Cross-Lingual NLP and Text Mining Resources

Introduction

Most natural language processing and text mining systems have mainly been designed to operate on English language text. Yet, the majority of people online do not speak English, and as more and more people gain access to digital tools, there is an increasing need for tools that operate on other languages.

In some cases, it is feasible to develop new customized systems for specific populations. E.g., there are many tools that have been developed for te Chinese market. However, it is challenging to achieve this for all of the world's over 7,000 languages.

Self-Learning with Adversarial Perturbation for Cross-Lingual NLP

Cross-lingual NLP and text mining technology is an important alternative in such situations. The idea is to develop a system based on one or more languages for which many resources are available, yet be able to use it in many new languages by connecting their linguistic representations.
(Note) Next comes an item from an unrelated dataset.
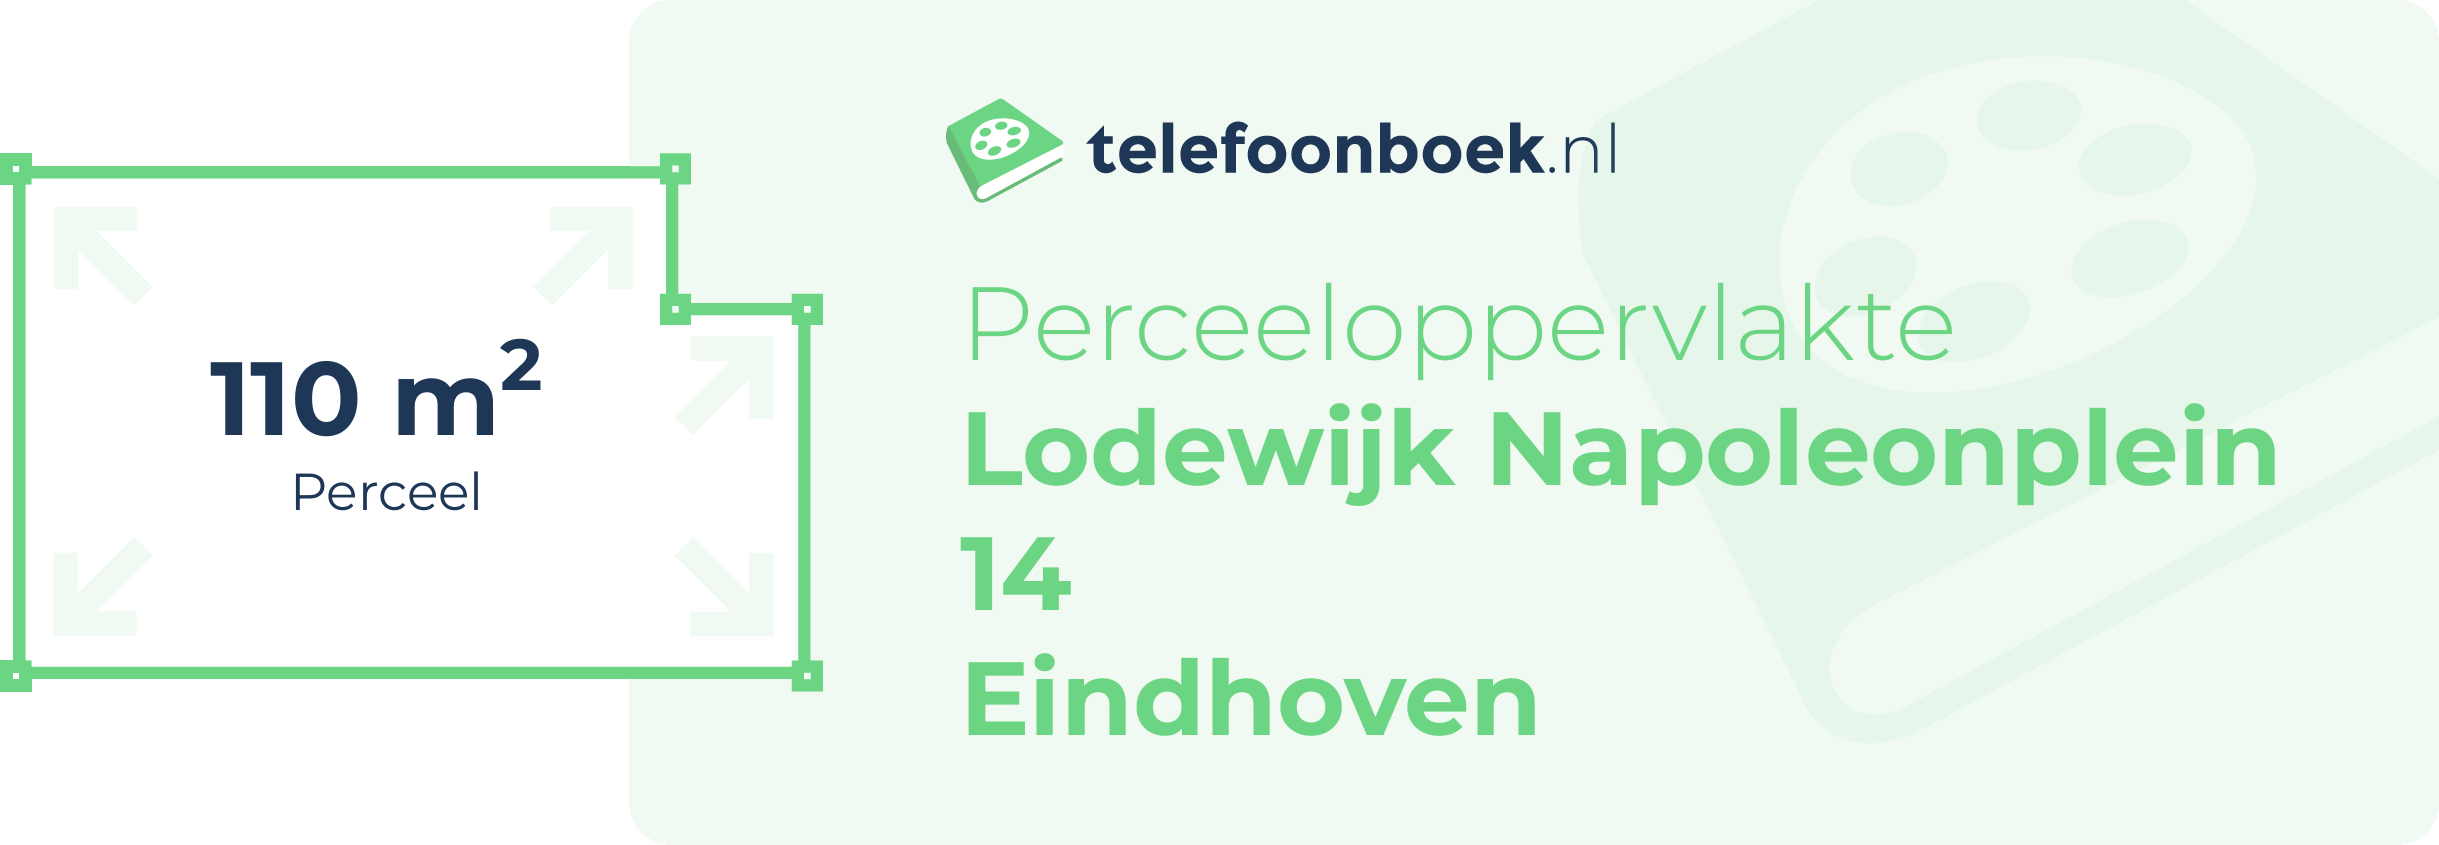 Perceeloppervlakte Lodewijk Napoleonplein 14 Eindhoven

Induced Code-Switching Datasets

We are releasing the cross-lingual benchmark database from our SIGIR 2020 paper. In this benchmark, a text classification model needs to be trained on regular English training data, but is evaluated on documents that contain an automatically induced form of code-switching, i.e., many of the original English words have been replaced by non-English words.

Example:

Clorox Co disait it déclarés a two-for-one stock scission et autorisée a 10.3 pourcentage accroissement in la annuel dividende rate. The société disait la trimestriels liquidités dividende était boosted to $0.64 per partagez depuis $0.58 on a pre-split basis, exigibles August 15 to actionnariat of enregistrer on July 28. The société disait ce sera be la 21st consécutive annuel accroissement in la dividend. The additionnel partages résultant depuis la scission sera be distribuées on September 2 to actionnariat of enregistrer on July 28, la société said. Clorox is a fabricant of ménage épicerie produits et automobile nettoyage produits commercialisés in la United States et internationally.
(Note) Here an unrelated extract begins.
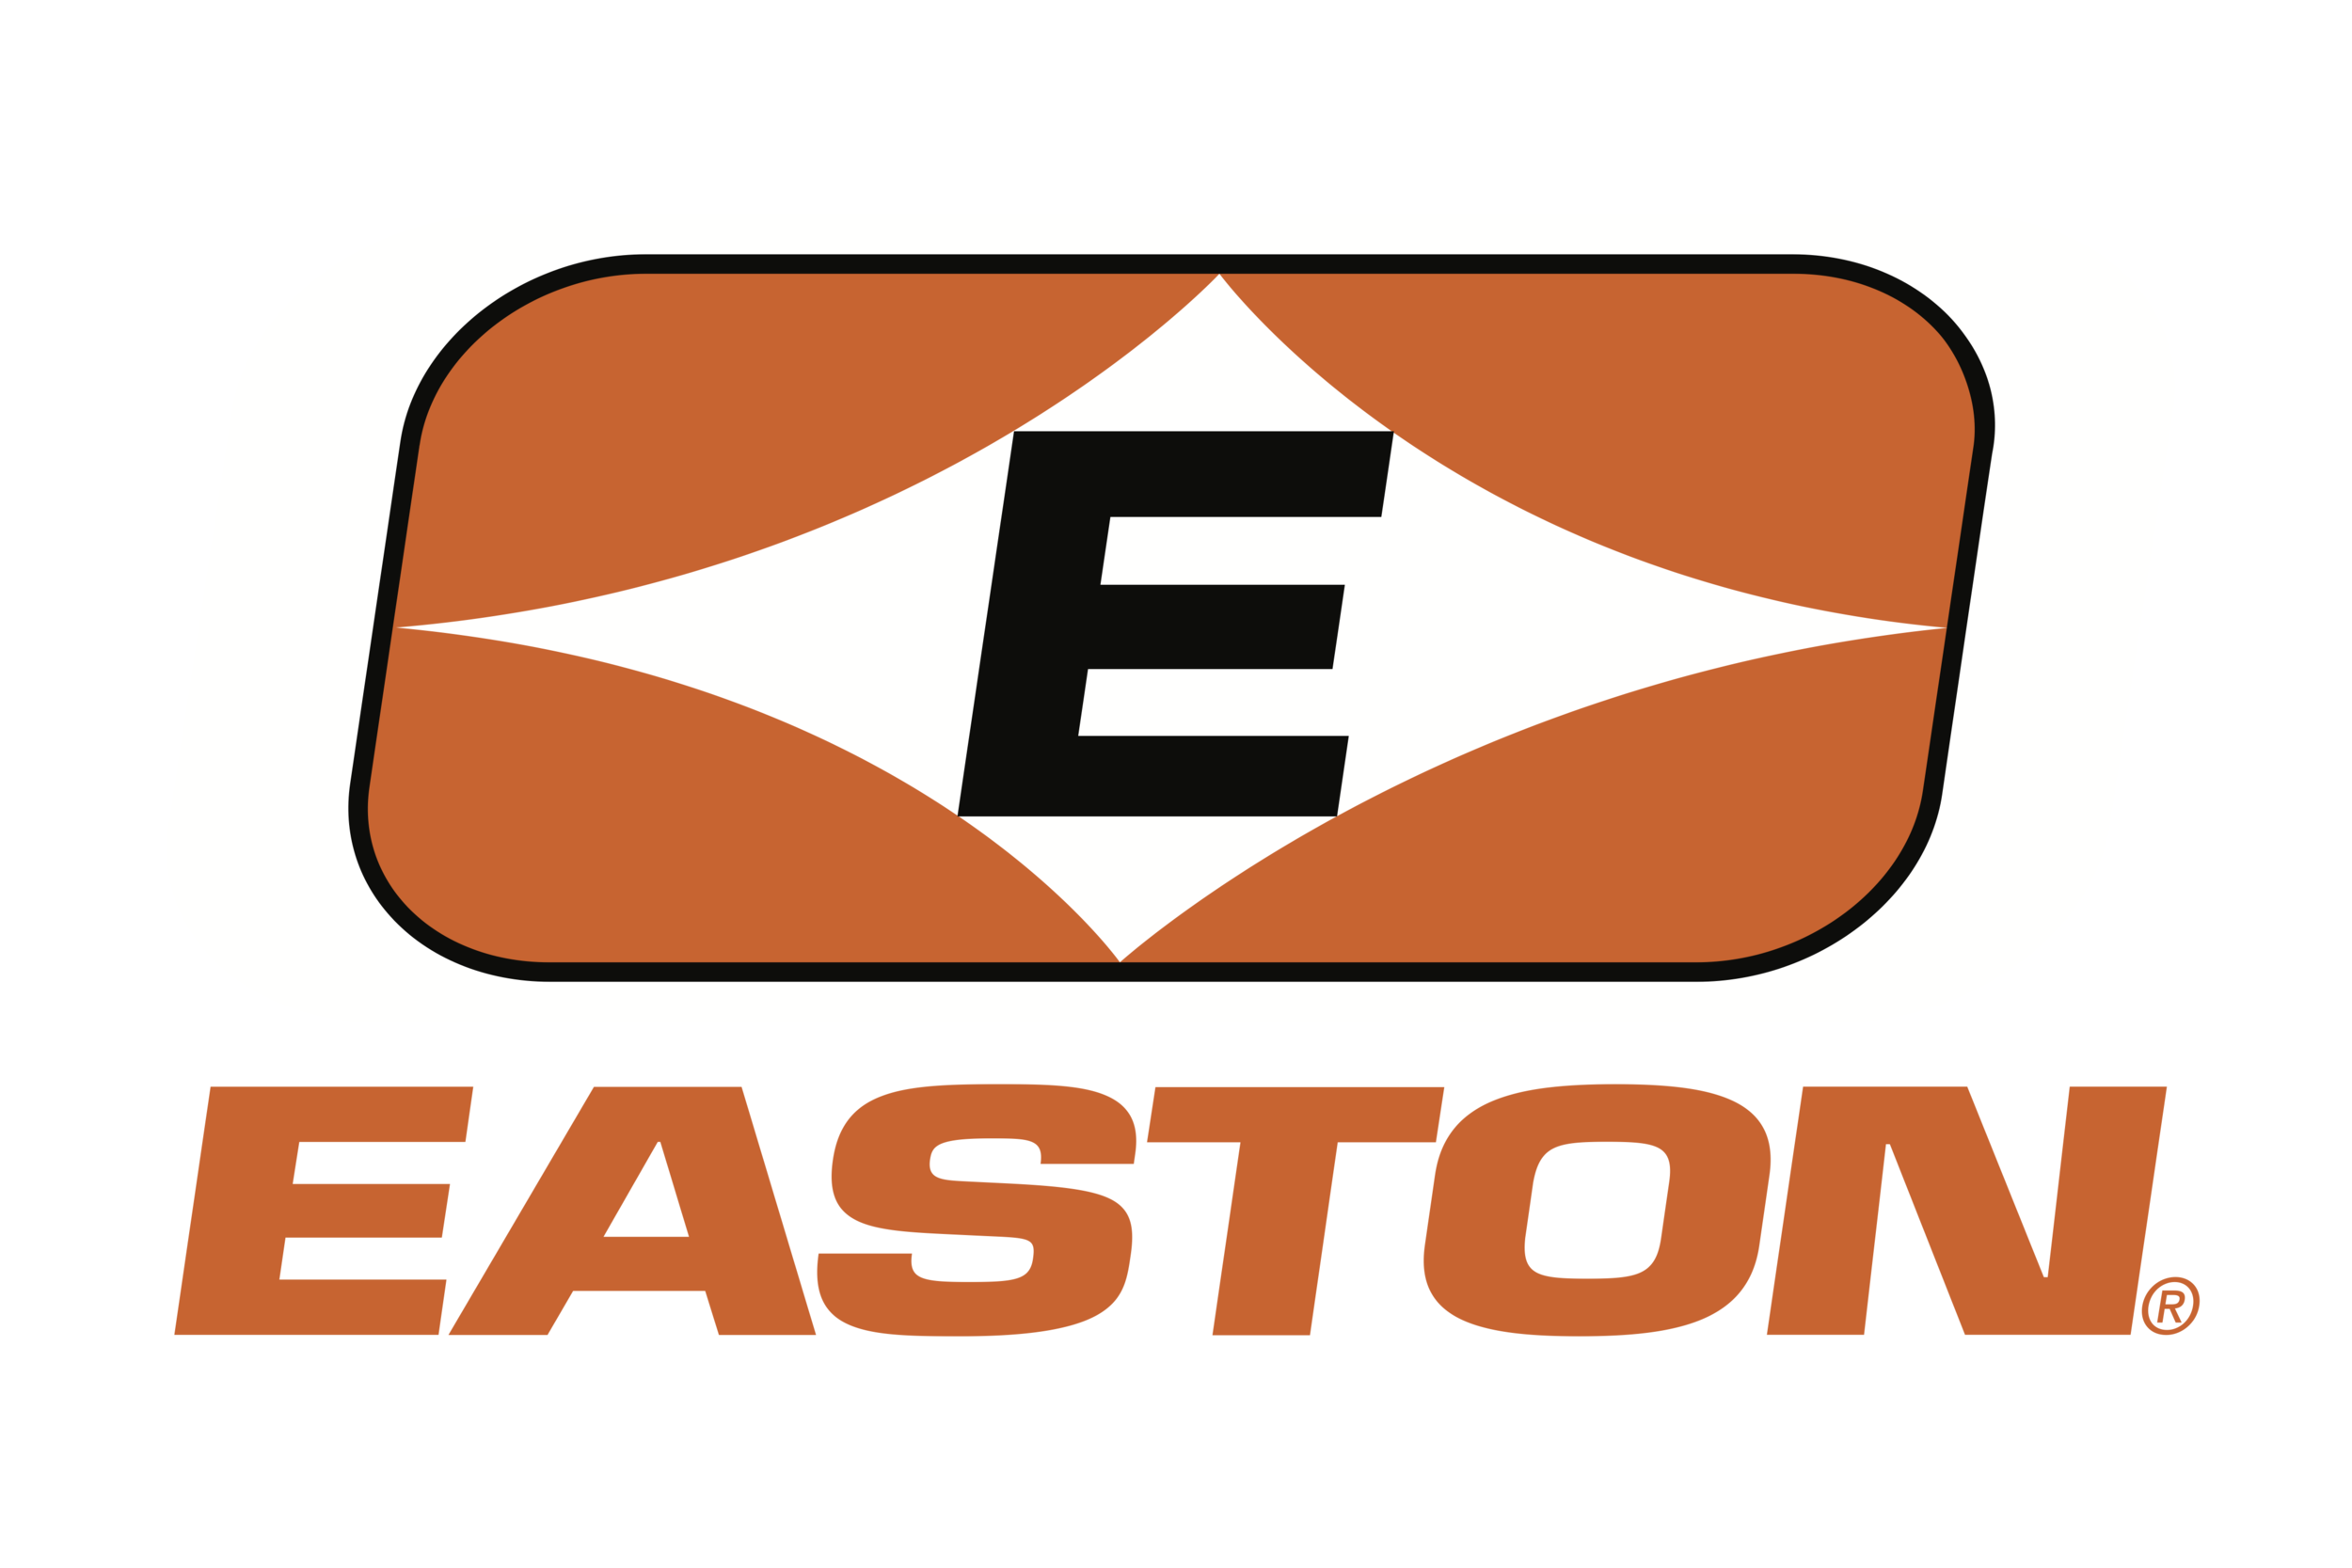 Easton_logo.png

Induced Code-Switching Datasets

Download Induced Benchmark Datasets with German, Spanish, French, Italian, Japanese, Russian words

For more information about the datasets and our cross-lingual prediction method, based on self-learning, please consult our publication:

Leveraging Adversarial Training in Self-Learning for Cross-Lingual Text Classification BibTeX arXiv Data
Xin Dong, Yaxin Zhu, Yupeng Zhang, Zuohui Fu, Dongkuan Xu, Sen Yang, Gerard de Melo (2020)
In: Proc. SIGIR 2020 (Short Paper). ACM.
Acceptance rate: 30%

Cross-Lingual Databases

Apart from the above, we have also developed a number of cross-lingual databases that facilitate cross-lingual NLP and text mining.

Universal Wordnet (UWN)

One of the largest multilingual knowledge graphs, transforming the well-known WordNet database into a massively multilingual resource covering over 1 million words and several million named entities in a single semantically organized hierarchy. This is based on machine learning along with the MENTA extension based on Wikipedia. Our derivative project OpenWordNet-PT (GitHub) is being used by Google Translate.

Lexvo.org

Contributes information about words and other language-related entities to the Linked Data Web and Semantic Web, leading to a Web of Data in which the British Library, the Spanish National Library, and others have linked their data to Lexvo.org, and Lexvo.org in turn connects its own data to other valuable resources.

Sentiment/Emotion

Datasets and resources for sentiment analysis and fine-grained emotion analysis, in part available for multiple languages.

Etymological Wordnet

A database of etymological and derivational relationships between words in different languages, mined from Wiktionary.